Two ultra rigid, o-xylylene cross-bridged macrobicyclic ligands, 1,10,13,19-tetraazatricyclo[8.6.6.03,8]docosa-3,5,7-triene (H2XBC), and 13,19-dimethyl-1,10,13,19-tetraazatricyclo[8.6.6.03,8]docosa-3,5,7-triene (Me2XBC), have been synthesized and the manganese complexes have been synthesized and characterized, including an X-ray structure determination. Mn(Me2XBC)Cl2 displays a relatively high redox potential for the Mn2+/Mn3+ couple (+0.947V vs SHE, measured in CH3CN), suggesting that the manganese(III) complex may be capable of hydrogen abstraction from moderately active substrates.

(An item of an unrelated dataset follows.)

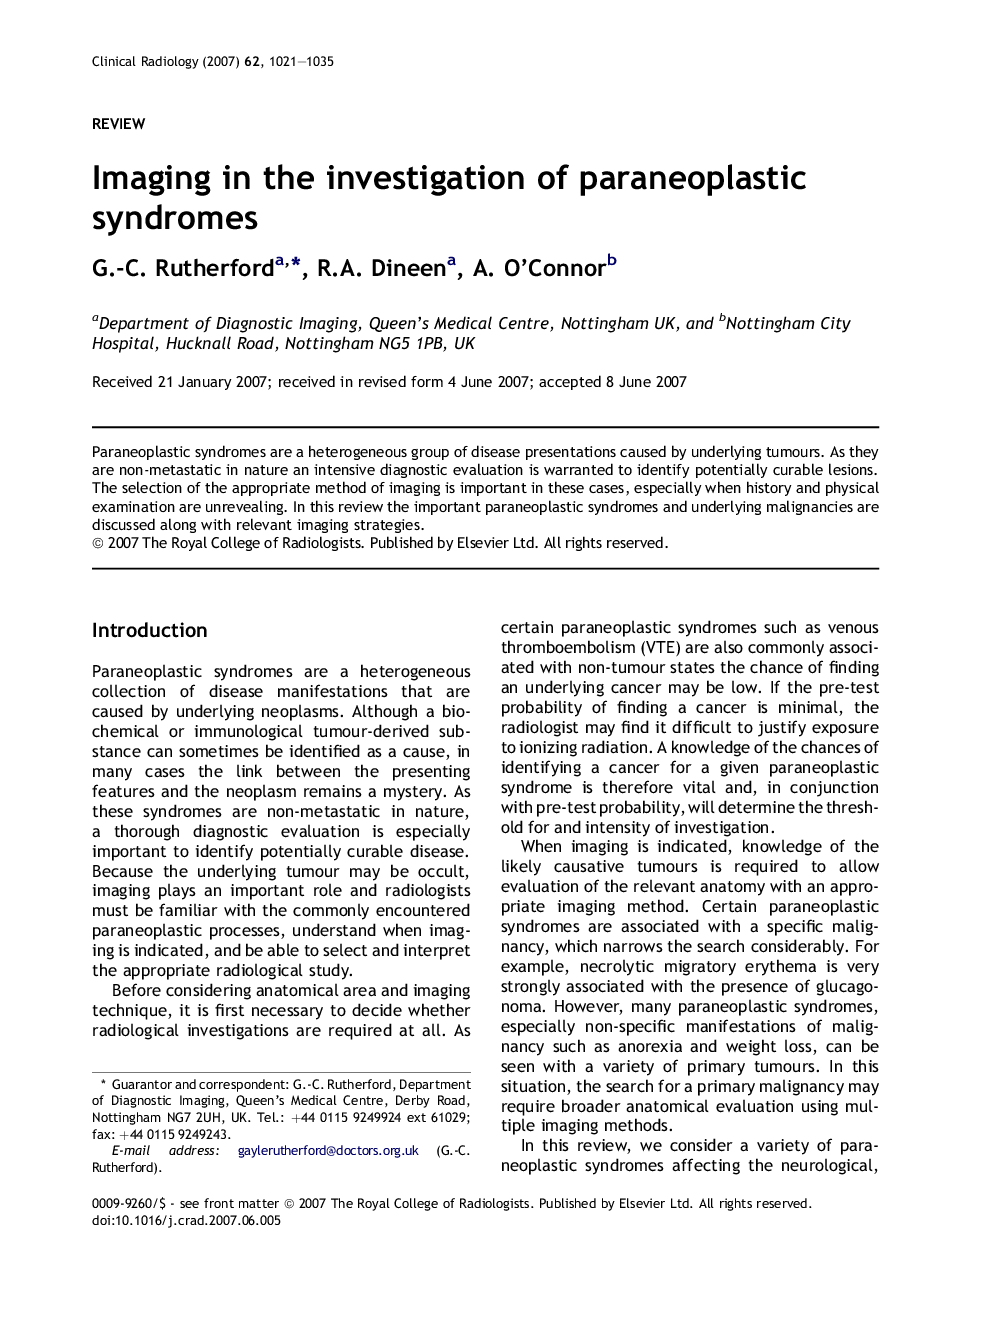 Imaging in the investigation of paraneoplastic syndromes

Direct reaction of the freshly synthesized manganese(III) complex, [Mn(Me2XBC)Cl2]PF6, with 1,4-cyclohexadiene confirmed its hydrogen abstracting ability. The manganese(II)/Me2XBC complex is activated by dioxygen in buffered basic aqueous solutions and catalyzes hydrogen abstraction from selected substrates. A possible mechanism for this manganese complex catalyzed dioxygen activation and hydrogen abstraction is proposed.